• The task
Leaving out the images, reproduce every line of the data that follows exactly.

• Material provided

====

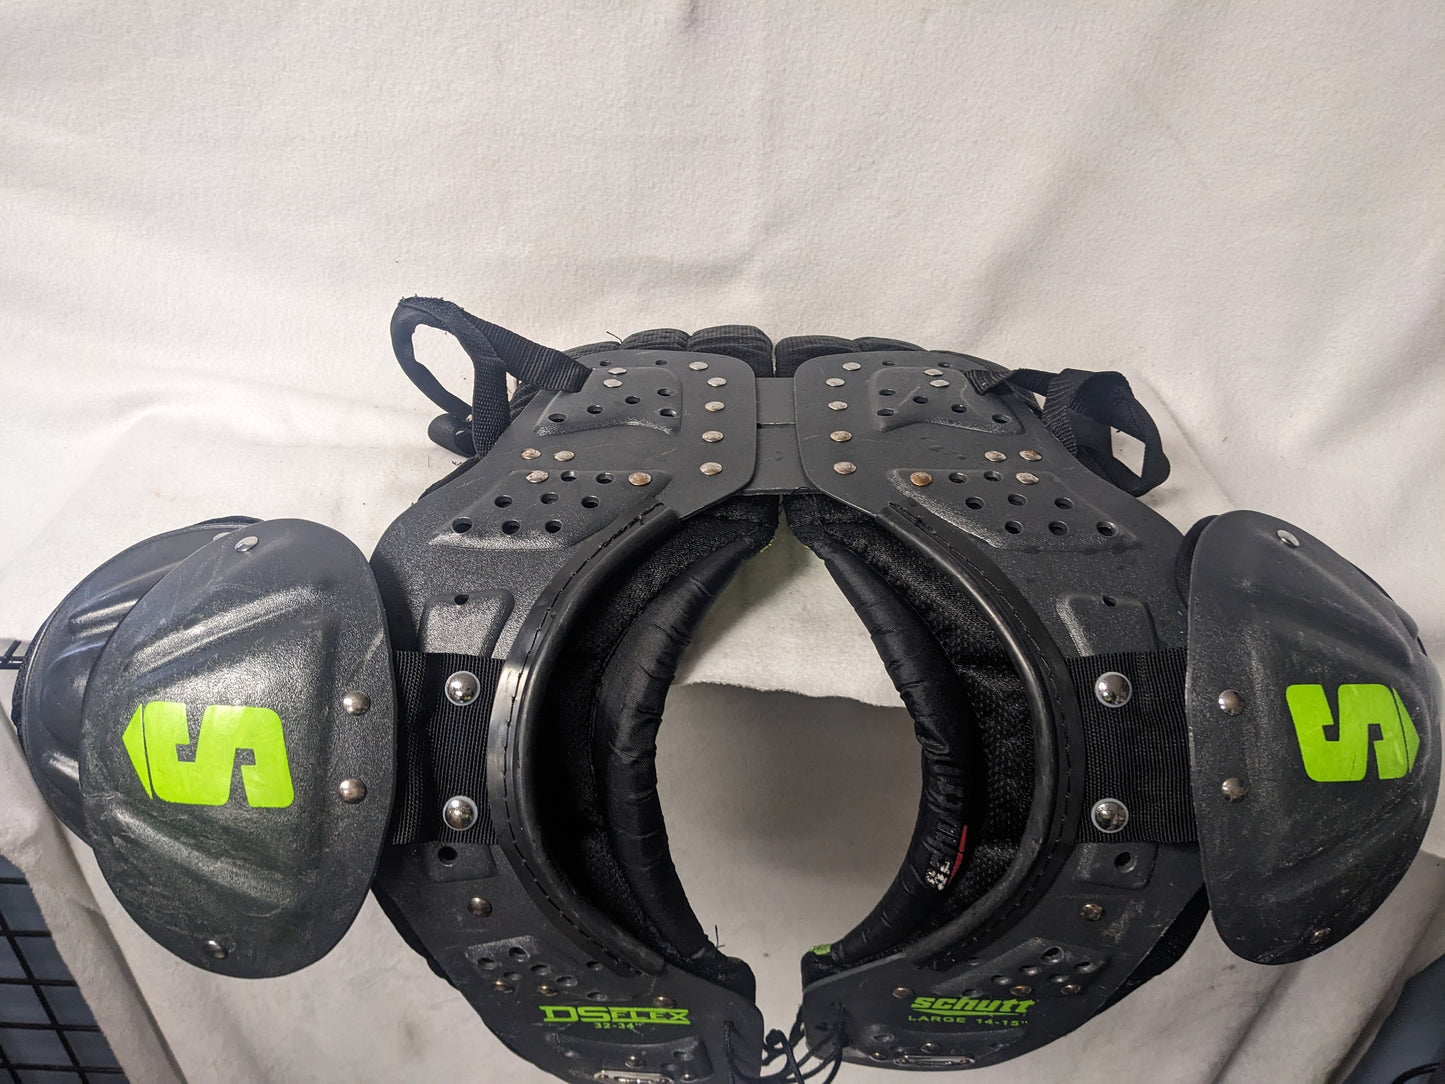 Schutt DSFlex Youth Football Shoulder Pads Size Youth Large Color Black Condition Used
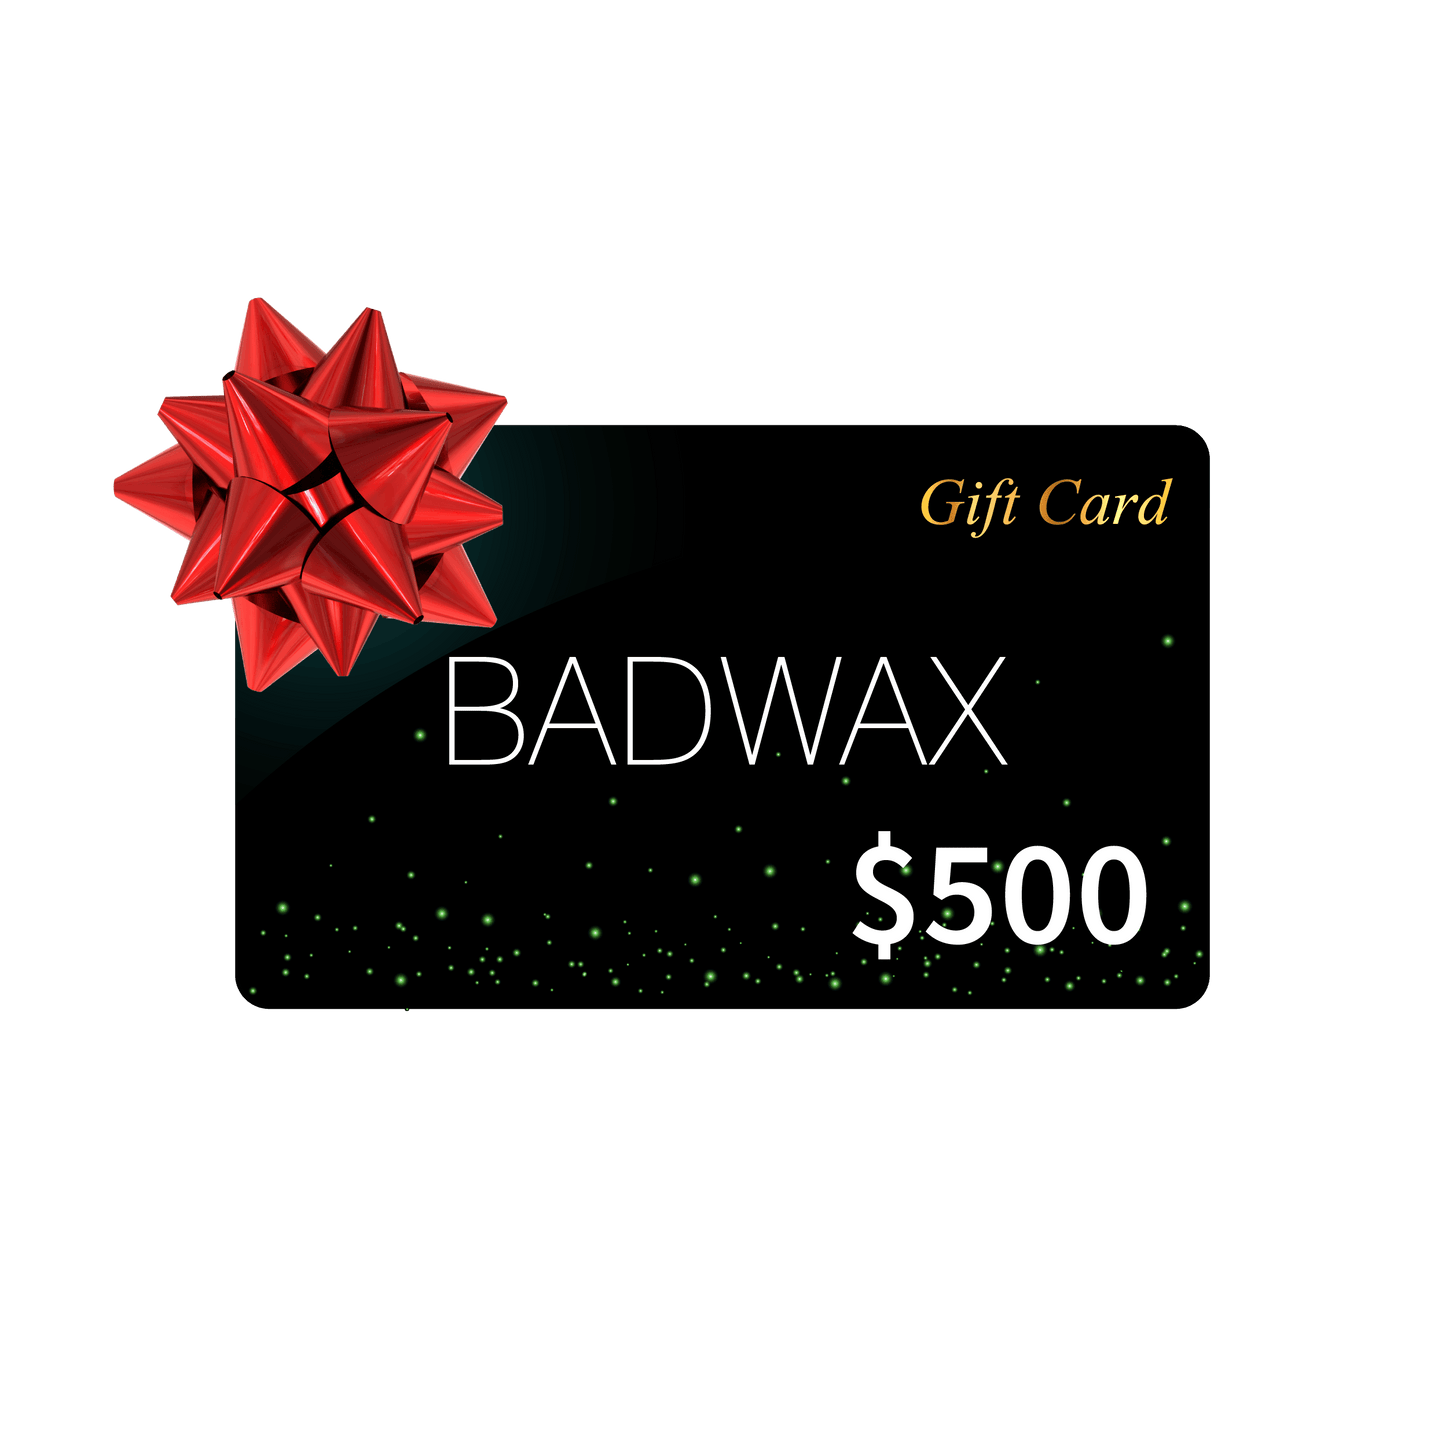 Gift Card - BADWAX
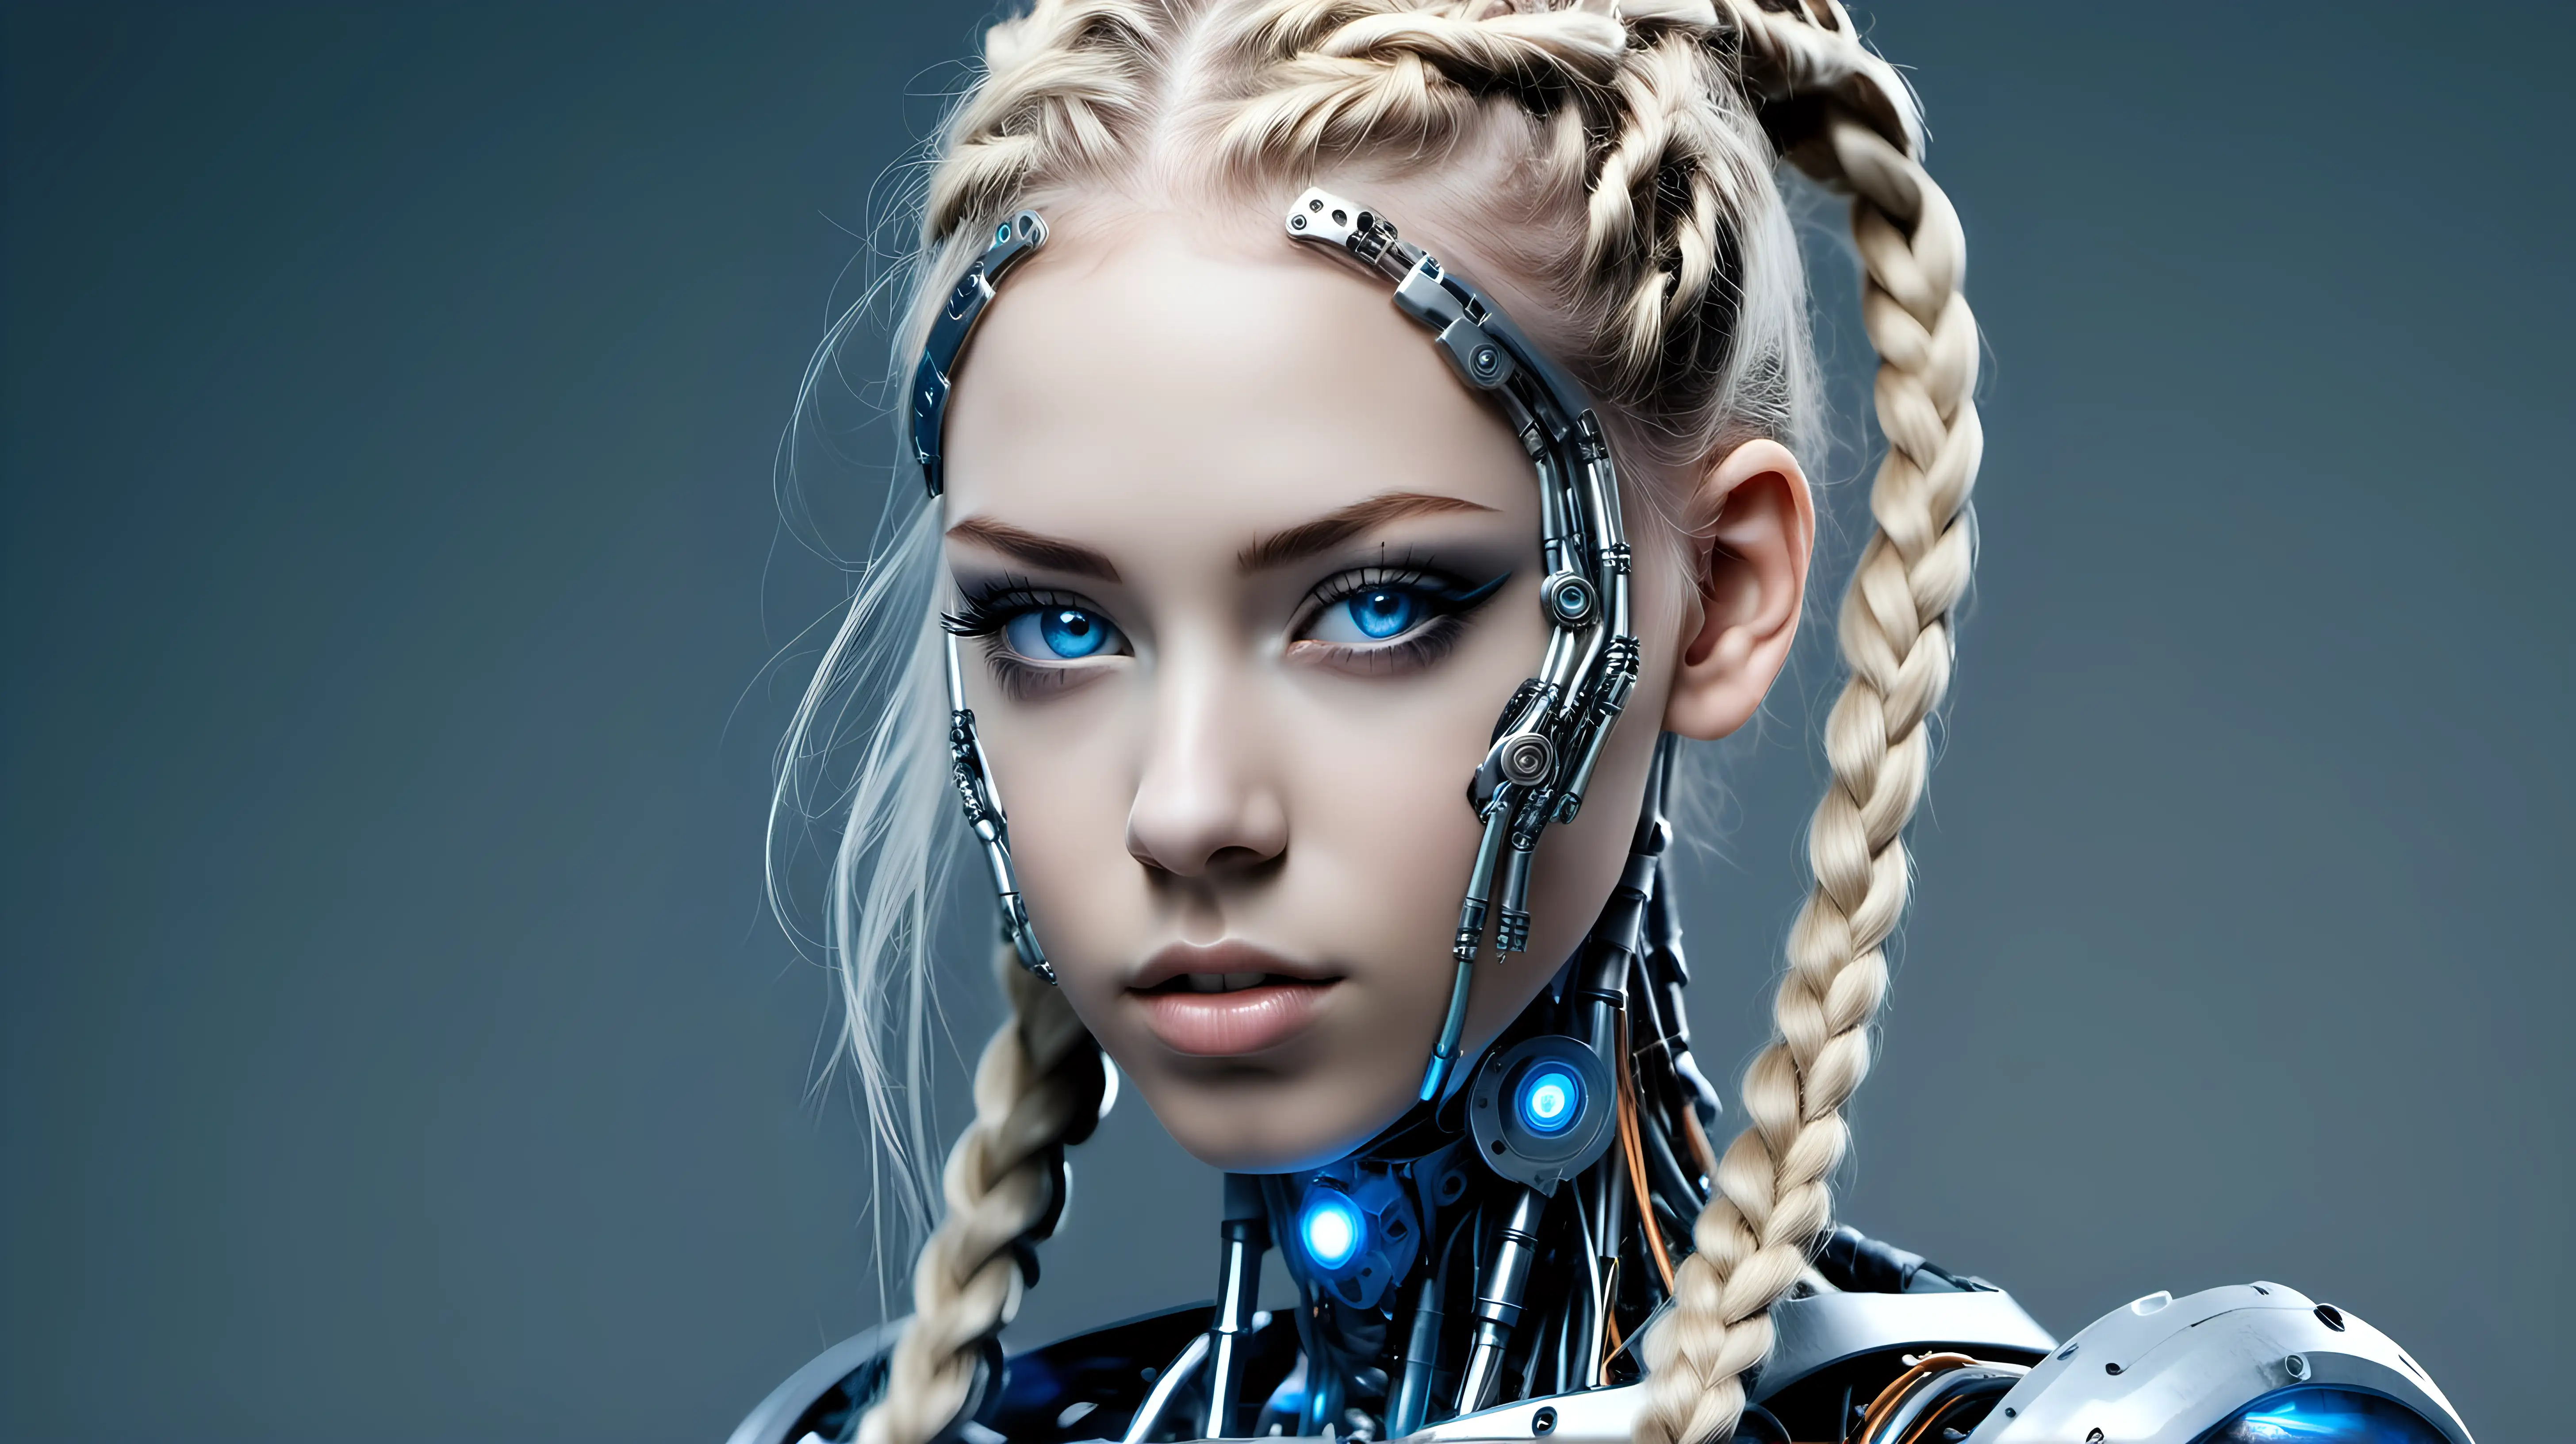 Gorgeous cyborg woman, 18 years old. She has a cyborg face, but she is extremely beautiful. Blonde braids, blue eyes.

====

• Result for this exercise
 Schutt DSFlex Youth Football Shoulder Pads Size Youth Large Color Black Condition Used
 Gift Card - BADWAX
 Gorgeous cyborg woman, 18 years old. She has a cyborg face, but she is extremely beautiful. Blonde braids, blue eyes.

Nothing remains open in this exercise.